Spontan tubuh itu bergeser ke arah kiri, menjauhkan wajahnya dari bibir yang mendekat. Membuat bangku reyot pijakannya sedikit bergoyang.
"Coba kamu pikirkan lagi. Pasti ada orang yang akan sedih dan merasa kehilangan, karena kamu mati dengan cara seperti ini." Sosok putih yang gagal berbisik, dengan ragu mengucapkan kalimat yang seharusnya tidak boleh didengar pihak lain.
"Hoax itu!" Sekejap mata. Sosok hitam-dengan penampilan mirip Young Lex-sudah bersila di sebelah kirinya, melayang tanpa sayap atau pun tali penyangga tubuh. "Jones mana ada yang peduli," lanjut si hitam, sambil memainkan bola-bola api yang melayang-layang di atas telapak tangan.
Gerakan mengenakan simpul gantung yang terjeda beberapa saat lalu, kini berlanjut. Kali ini tanpa ada keraguan. Tali yang melingkar bulat itu dimasukan melalui kepala dengan cepat, layaknya mengenakan baju baru saat lebaran.
Melihat usahanya hampir gagal. Sosok putih terbata-bata berkata, "Kamu memang Jones, dan tidak akan ada yang peduli saat kamu mati. Tapi, apa kamu mau, mayat kamu bergelantungan sampai habis dimakan belatung?"
"Sepandai-pandainya tupai meloncat, pasti akan jatuh juga. Selama-lamanya mayat elu gelantungan, pasti bakalan dikubur juga," tukas sosok hitam, asal-asalan mengartikan pribahasa.
"Si b**o! Mana ada pribahasa begitu." Sosok putih yang selalu bertutur sopan, akhirnya berkata kasar juga. "Pantes aja! Badan udah bagus-bagus malah di-tato-in. Emang b**o, Lo mah!"
"Serah gue aja kaleee!" sahut sosok hitam, "Gue tatoan! Tapi gue enggak pake n*****a, Men!" lanjutnya lagi sembari melemparkan bola-bola api ke arah si putih.

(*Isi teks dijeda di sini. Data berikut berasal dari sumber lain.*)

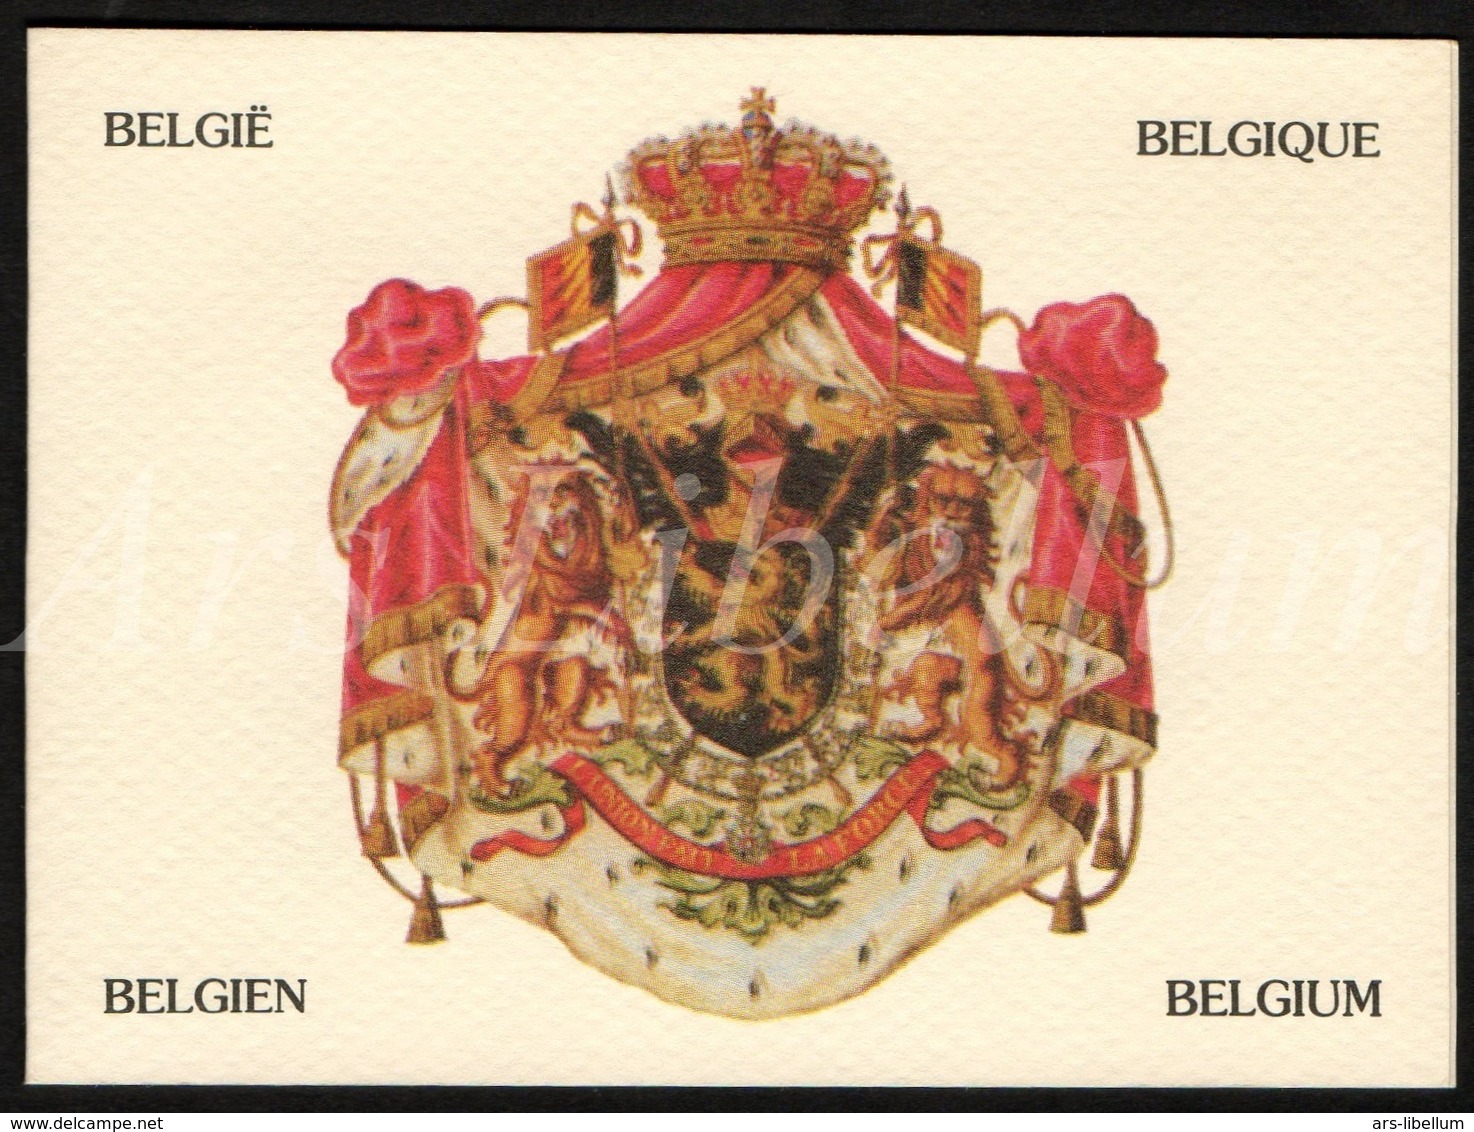 ROYALTY / Belgique / België / Famille Royale / Dynastie Belge / Koningshuis / Telefoonkaart / Belgacom / Telecard - Zonder Chip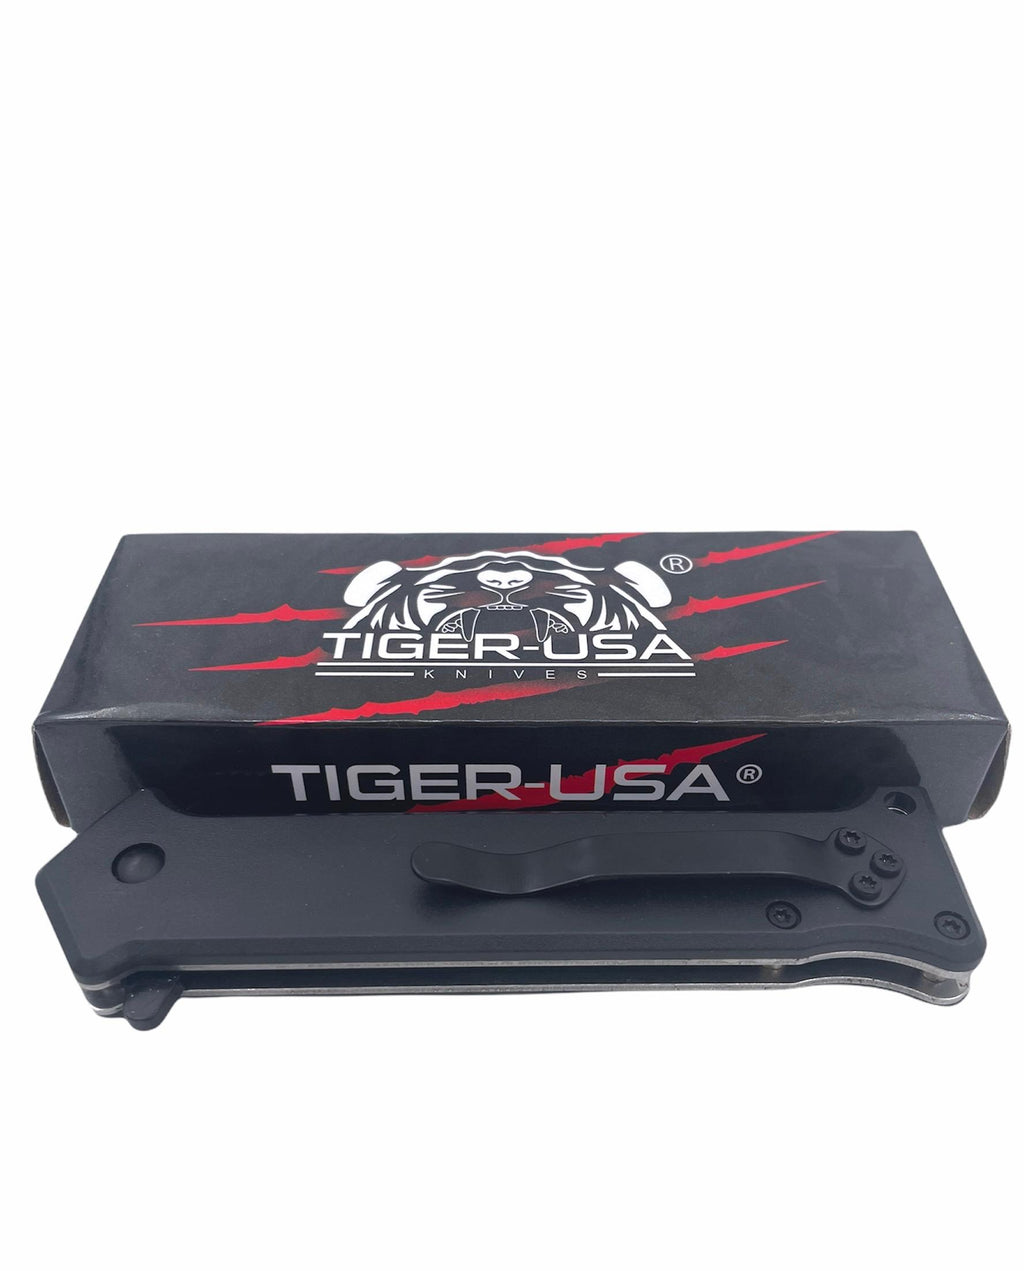 Tiger-USA Spring Assisted Knife - DEER HUNTER

Sayap-sayap lembut itu berubah menjadi perisai untuk menahan serangan panas. Kemudian kedua sosok imaji saling menyerang, dan melupakan tubuh yang tinggal selangkah lagi menuju kematian.
"Ahsiyap!"
"Ahsiyap!"
"Ahsiyap!"
Tiga pesan masuk hampir tanpa jeda. Mengirimkan getaran ringan di saku celana bahannya.
"Enggak usah diliat! Palingan cuma operator." Di tengah-tengah pertempuran, sosok hitam mencegahnya membaca pesan. Menyebabkan bulu-bulu sayap tajam yang melesat, merobek dua huruf 'GJ' pada kaus lekbong, memperlihatkan bagian perut sixpack berbentuk kotak-kotak.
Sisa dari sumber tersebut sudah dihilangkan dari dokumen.